Work required:
The reply should hold only the lines below beginning at the one with "Fools day and" and ending at the one with "Size 2 Plunge", copied exactly, with every picture left out.

Dataset entries:

▼

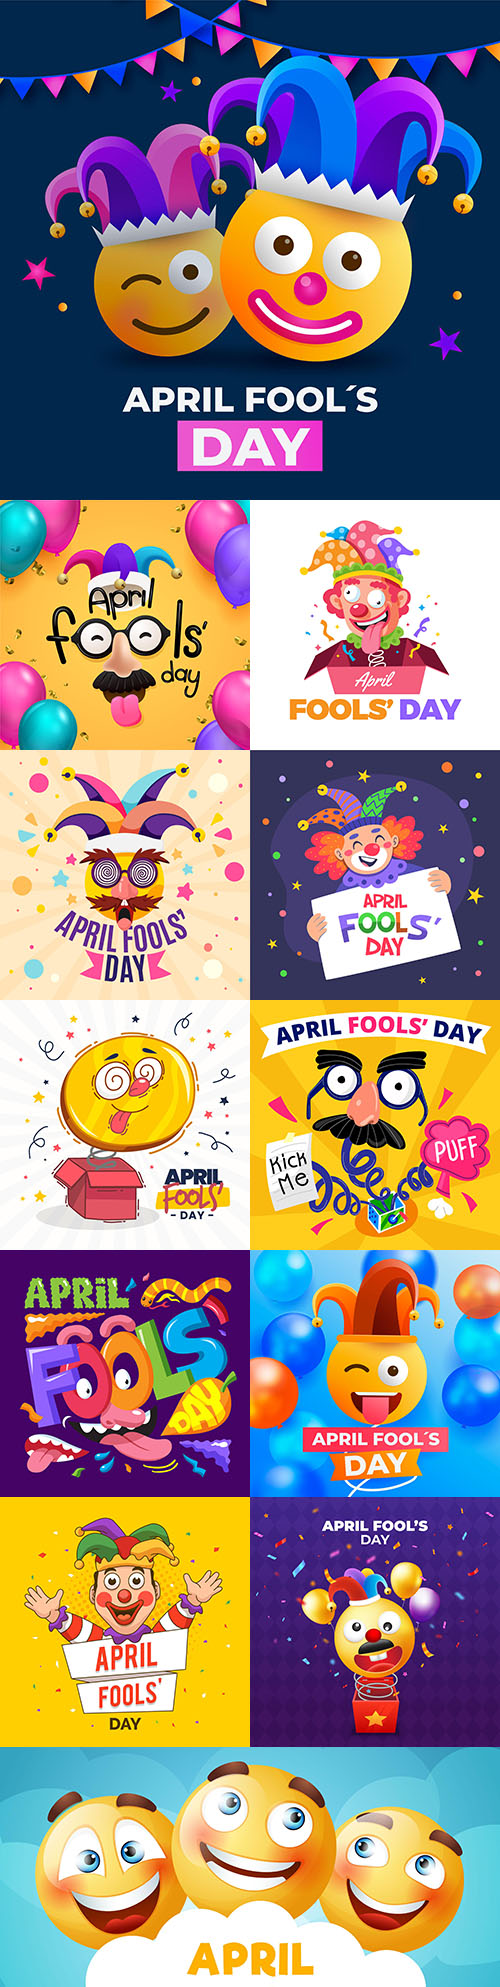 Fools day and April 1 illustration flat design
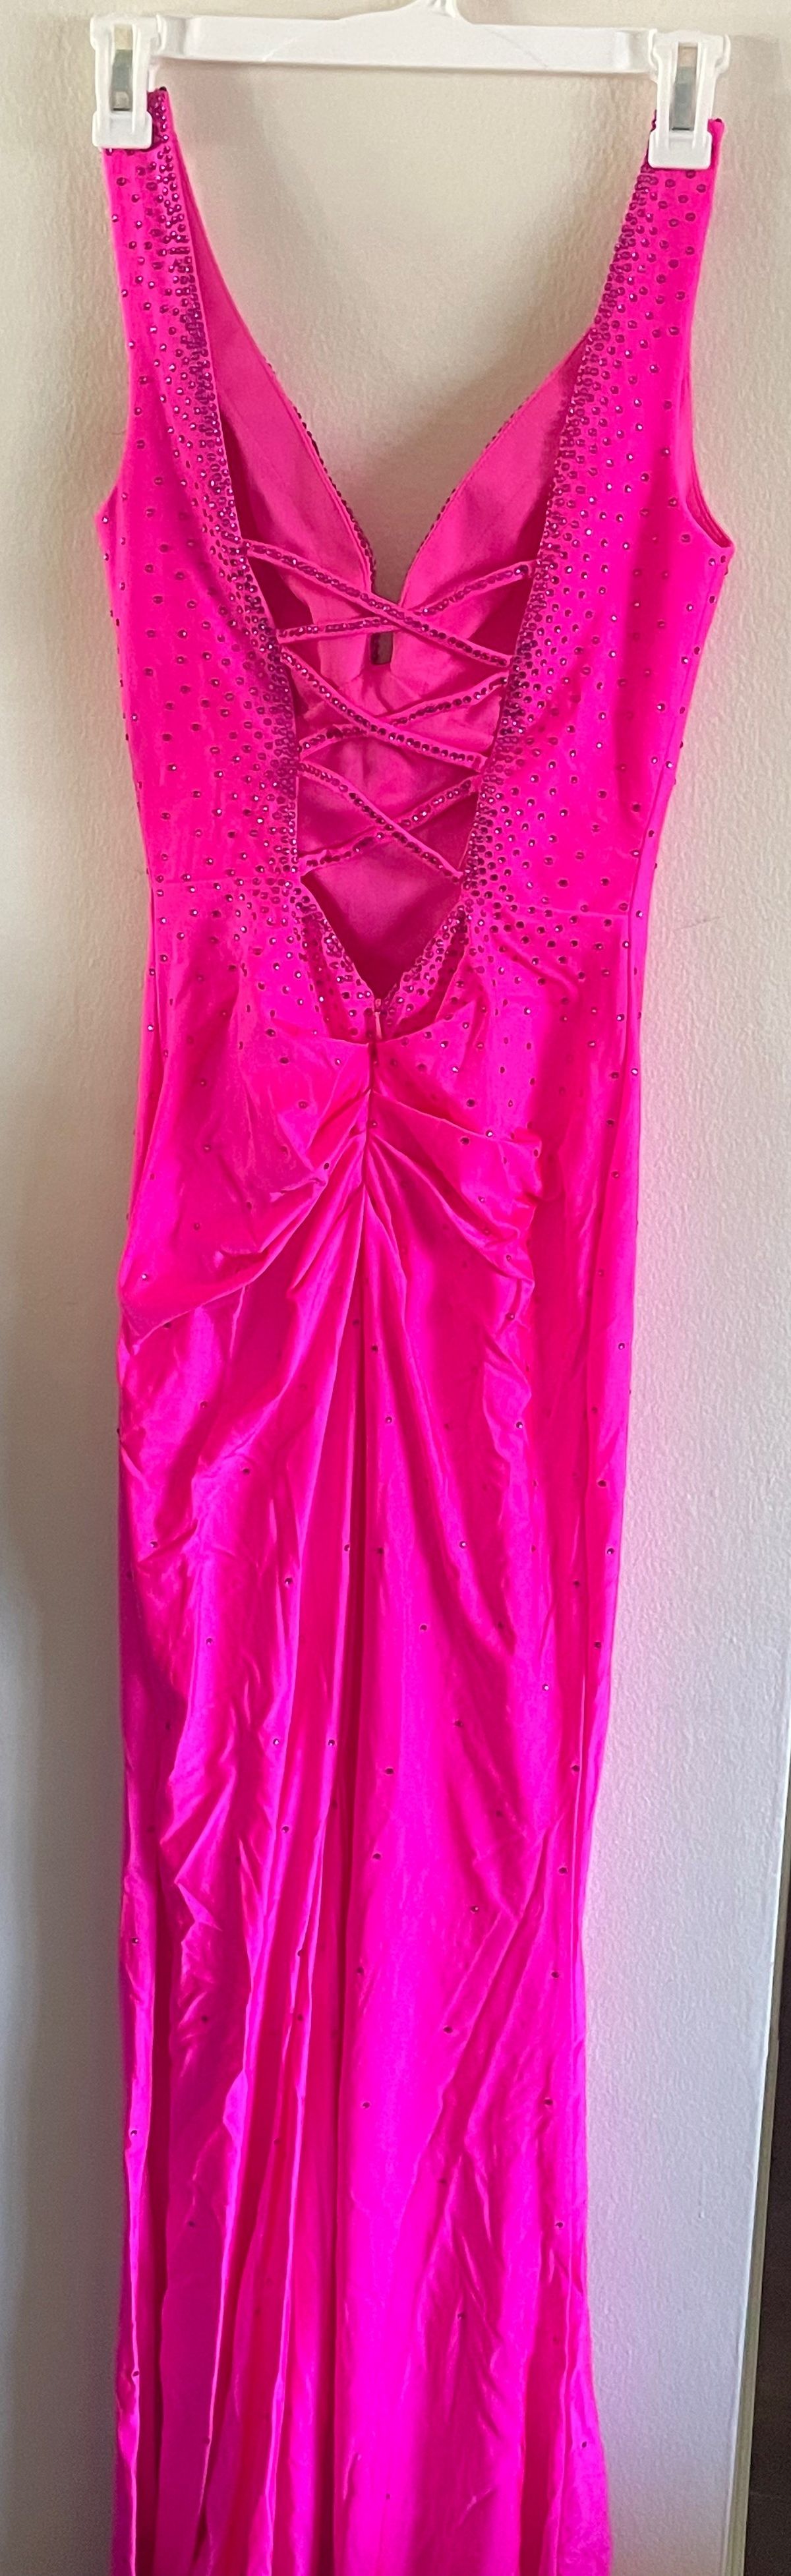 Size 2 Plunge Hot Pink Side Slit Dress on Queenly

▲
▼

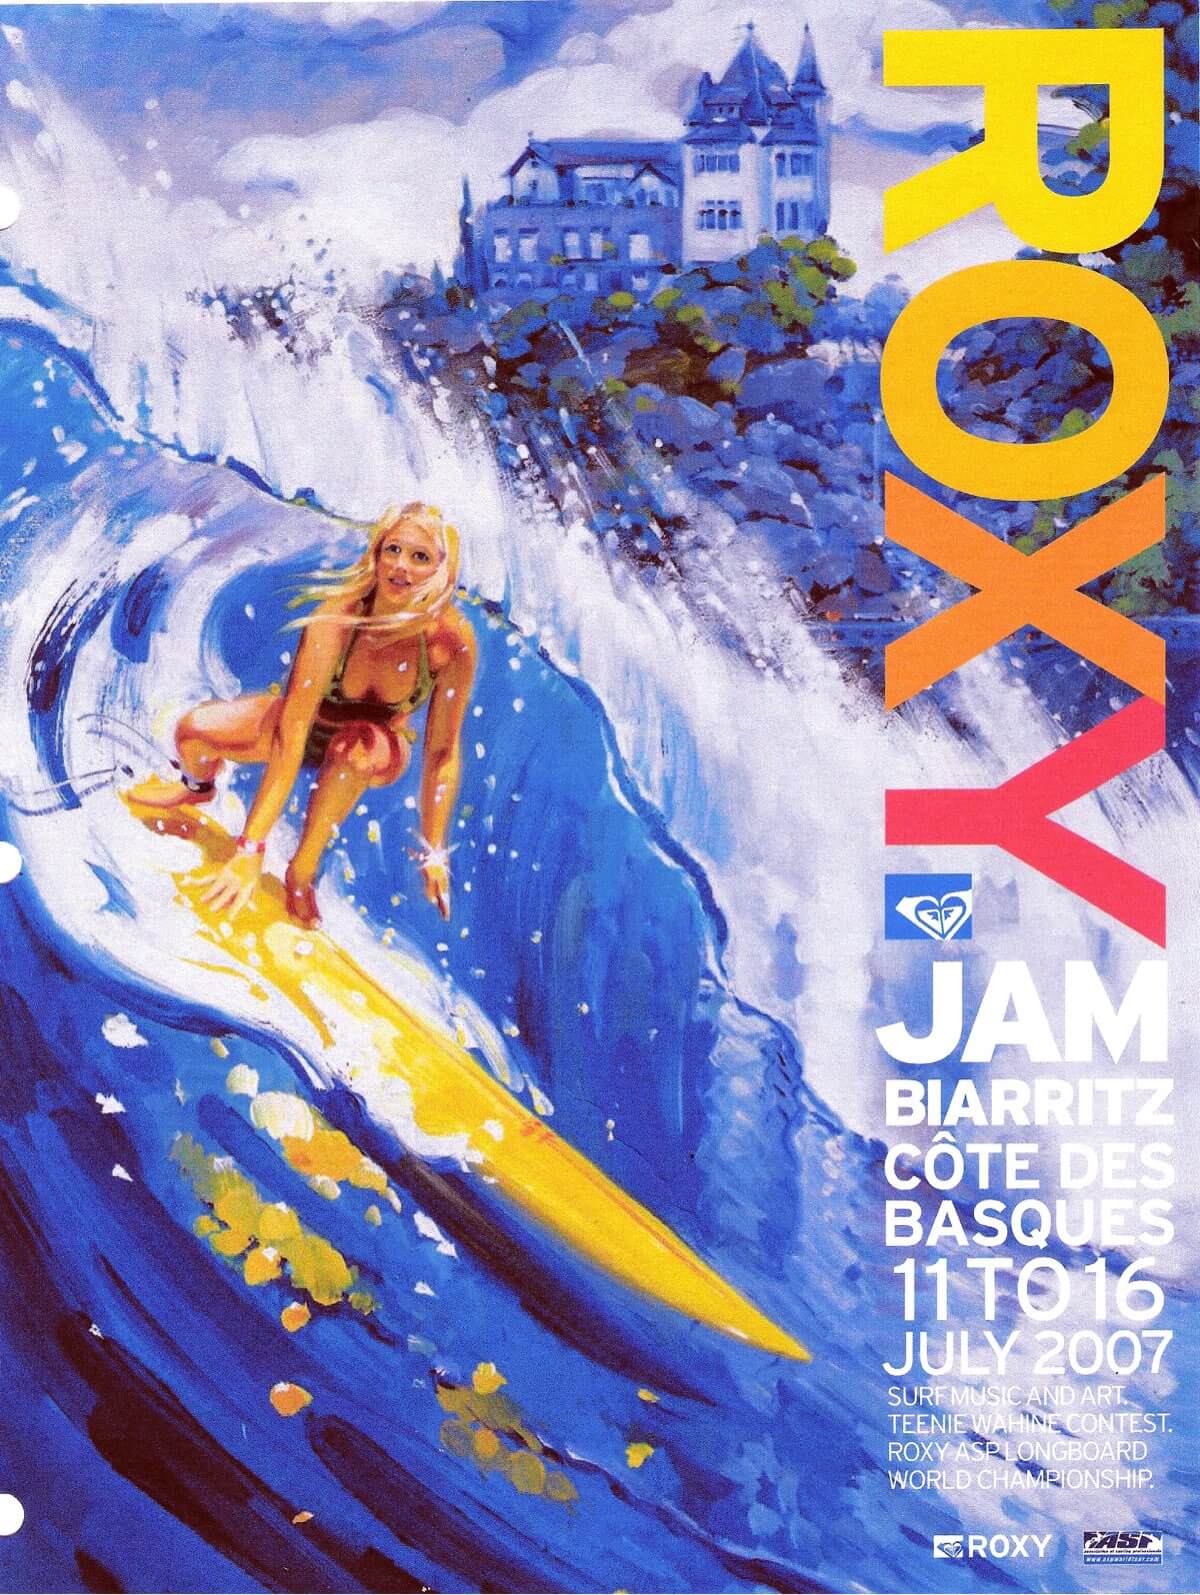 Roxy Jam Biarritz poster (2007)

▲

Answer box:
 Fools day and April 1 illustration flat design
 Size 2 Plunge Hot Pink Side Slit Dress on Queenly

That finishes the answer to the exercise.